Ты прижала пальцы к моему предплечью, отняла руку – медэксперт проверил окоченение.
– Я надеялась… – Ты смолкла, а когда заговорила снова, голос стал сильнее, решительнее. – Ты всегда говорил, тебе неважно, где работать, – ты где угодно можешь жить. Я надеялась, ты сможешь переехать поближе ко мне.
– Поближе? – Я не сознавал, в каком я напряжении, пока напряг не ушел из спины. – Насколько поближе?
– Может, в Калифорнию?
Ты однажды по телефону сказала, что уходишь от мужа. Когда ты повесила трубку, я поставил телефон и грохнулся в обморок. Сейчас было нечто похожее. Головокружение, боковым зрением я различал вспышки крошечных лампочек.
– Рассел?
– Я тут.
– По голосу не скажешь.
Я был словно человек, что посреди урагана пытается не упустить шляпу. Вокруг все мчалось.
– Сегодня днем, – сказал я, – ты ведь говорила… ты говорила, что не можешь больше ничего обещать.
– Я пока думаю.
– Правила… ты безостановочно меняешь правила.

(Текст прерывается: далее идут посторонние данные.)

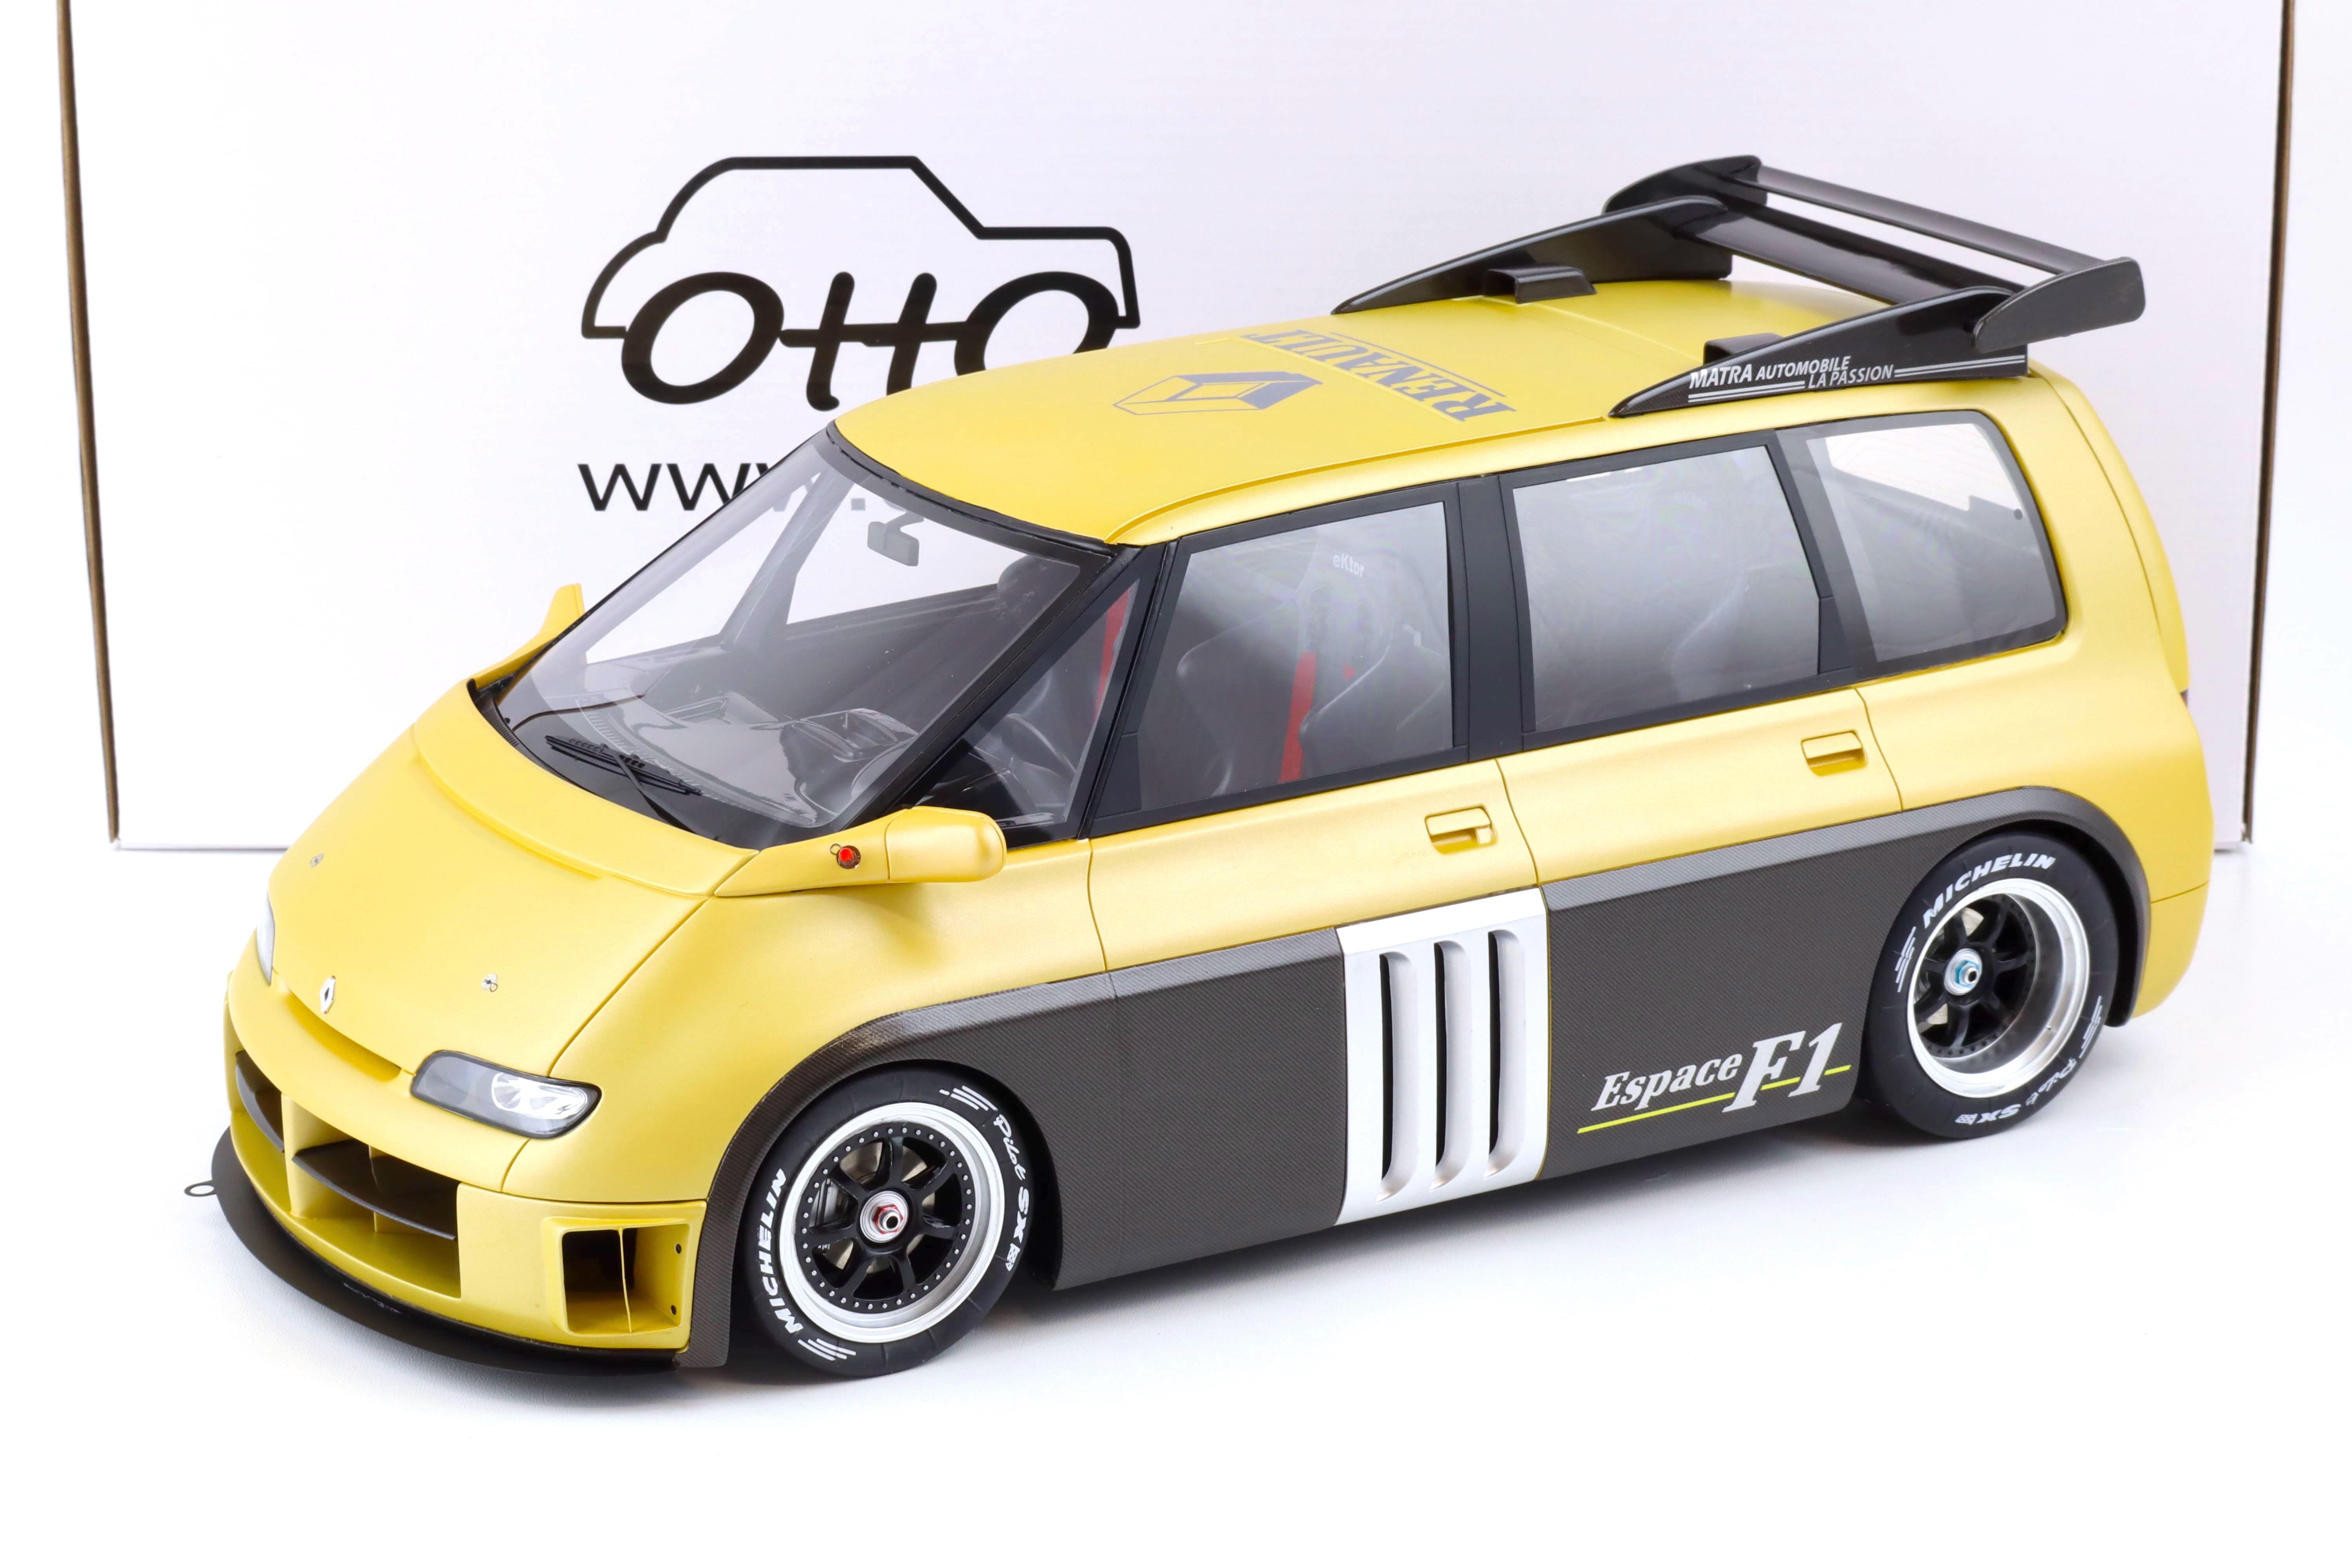 1:12 OTTO mobile G070 Renault Espace F1 matt yellow/ grey 1994

– Я думала, ты свободный дух. Гибкий, – разочарованно сказала ты.
Беспредельно потрясенный, я отсчитал несколько секунд.
– Даже сильный тростник в зимний сезон вырастает хрупким. Дэвид Кэррадайн. «Кунфу».[35]
– Не надо так! Я же серьезно.
– Калифорния. – Я снова лег, повернулся к тебе. – То есть Лос-Анджелес?
– Это было бы неплохо. – Ты говорила так тихо, что я расслышал шлепок твоих губ на букве «б». – Если б ты жил там, это помогло бы… если я уйду.
– И мы будем видеться?
– Конечно… да.
Тени окрасили твое лицо, но я различил тревогу.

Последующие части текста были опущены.